SN 2007uy and 2008D in NGC 2770 Supernovae have long attracted the attention of both amateur and professional astronomers as a means of studying the violent eruption and death of massive stars and degenerates. However, in the last decade they have also acquired considerable importance as distance indicators, tracing the expansion of the universe to redshifts well beyond the reach of more conventional yardsticks, such as cepheids, and providing a key underpinning for the hypothesised existcen of dark energy. Understanding the supernovae themselves, and, in particular, their progenitors, is key to accurately interpreting their luminosities and distances. The present program aims to tackle that aspect of the problem by using ACS to obtain deep, high resolution images of galaxies that have harboured recent type Ia supernovae. The targets are all drawn from the Sloan Digital Sky Survey, which has uncovered more than than 500 type Ia supernovae,. The supernovae themselves are long gone from view, but the ACS data will be used to probe the stellar populations in the immediate vicinity of the explosion, and hence gain a better understanding of the likely progenitor.

GO 11702: Search for Very High-z Galaxies with WFC3 Pure Parallel

The ACS optical/far-red image of the Hubble Ultra Deep Field Galaxy evolution in the early Universe is a discipline of astronomy that has been transformed by observations with the Hubble Space Telescope. The original Hubble Deep Field, the product of 10 days observation in December 1995 of a single pointing of Wide Field Planetary Camera 2, demonstrated conclusively that galaxy formation was a far from passive process. The images revealed numerous blue disturbed and irregular systems, characteristic of star formation in galaxy collisions and mergers. Building on this initial progam, the Hubble Deep Field South (HDFS) provided matching data for a second southern field, allowing a first assessment of likely effects due to field to field cosmic variance, and the Hubble Ultra-Deep Field (UDF) probed to even fainter magitude with the Advanced Camera for Surveys (ACS).

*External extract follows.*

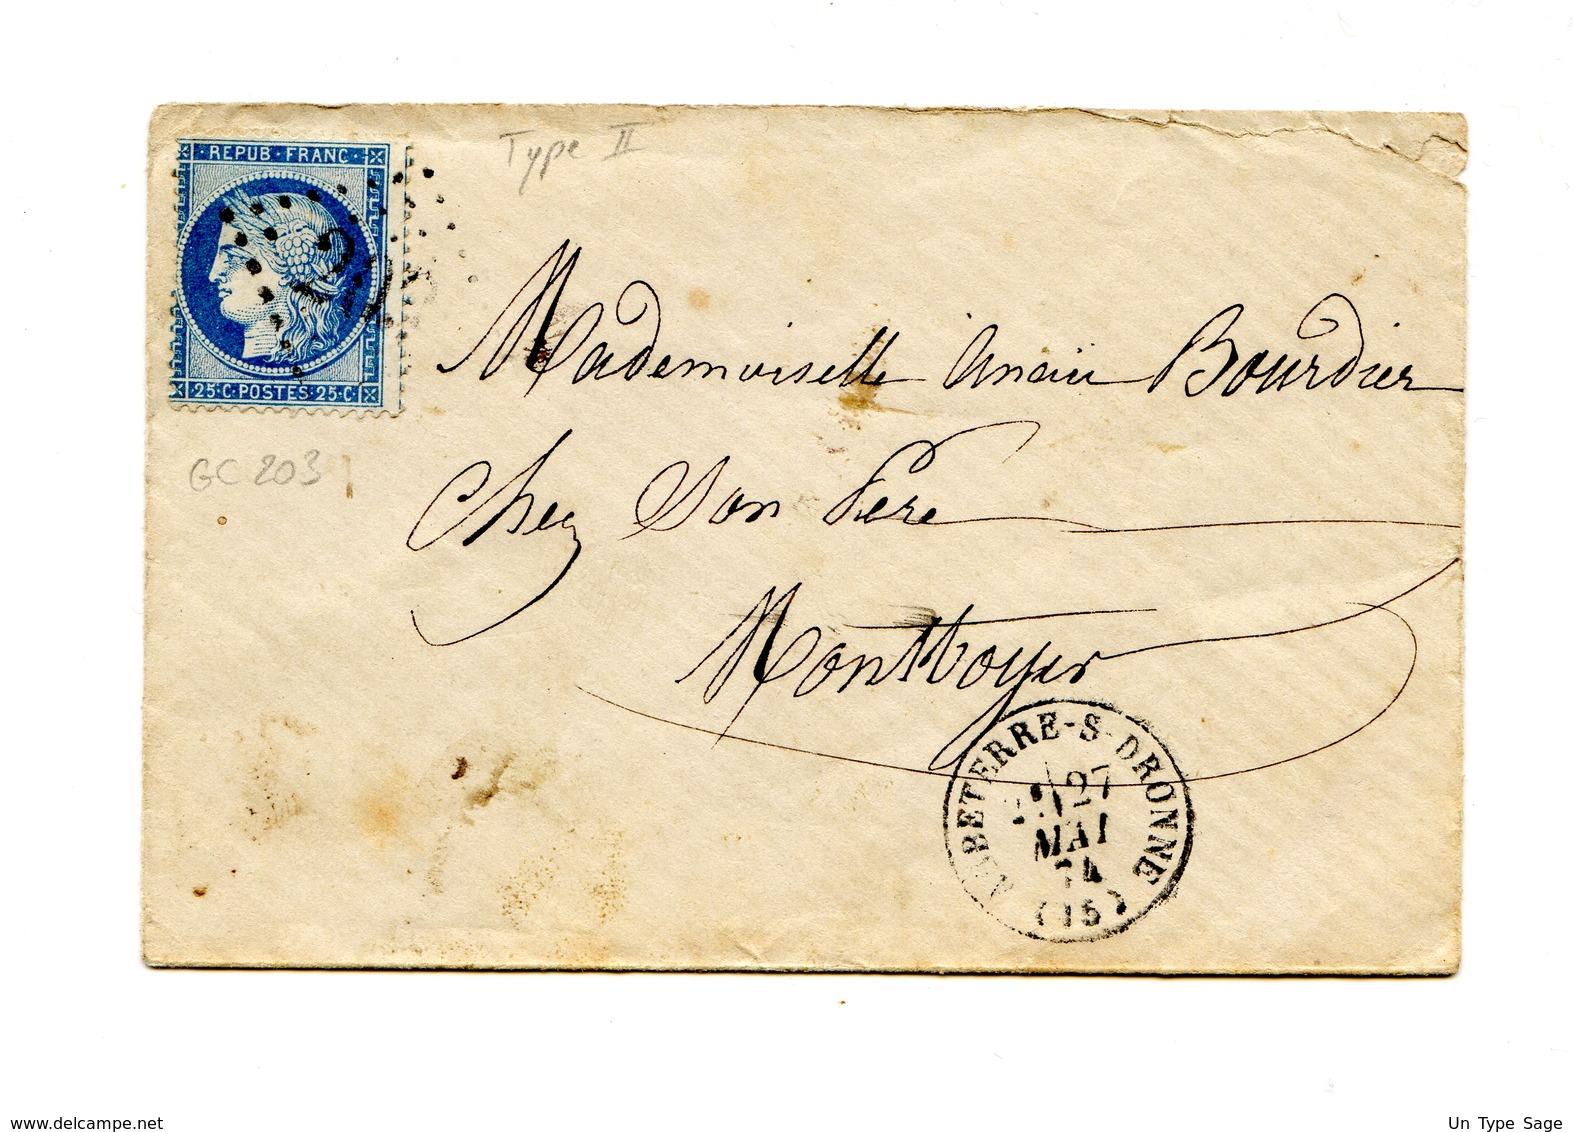 France - Cérès N°60 II - Lettre - GC 203 - 1874 - 2 Scans - (B2140) - 1871-1875 Ceres

The highest redshift objects found in the UDF have redshifts approaching z~7. Pushing to larger distances, and greater ages, demands observatons at near-infrared wavelengths, as the characteristics signatures of star formation are driven further redward in the spectrum. Wide Field Camera 3, installed in Servicing Mission 4, is well suited to these observations, and a number of programs are in place in Cycle 17 that address these issues. Indeed, WFC3 is employed in pure parallel mode by several programs. These take advantage of other science programs, usually with COS, that involve 2-5 orbit pointings on sources at high galactic latitude. The WFC3 pointing is unplanned, since it depends on the orientation adopted for the prime observations, but 2-5 orbits of IR imaging can reach galaxies at redshifts exceeding z=7 (potentially even z~8) in high latitude fields. This is one of two such programs in the cycle 17 portfolio.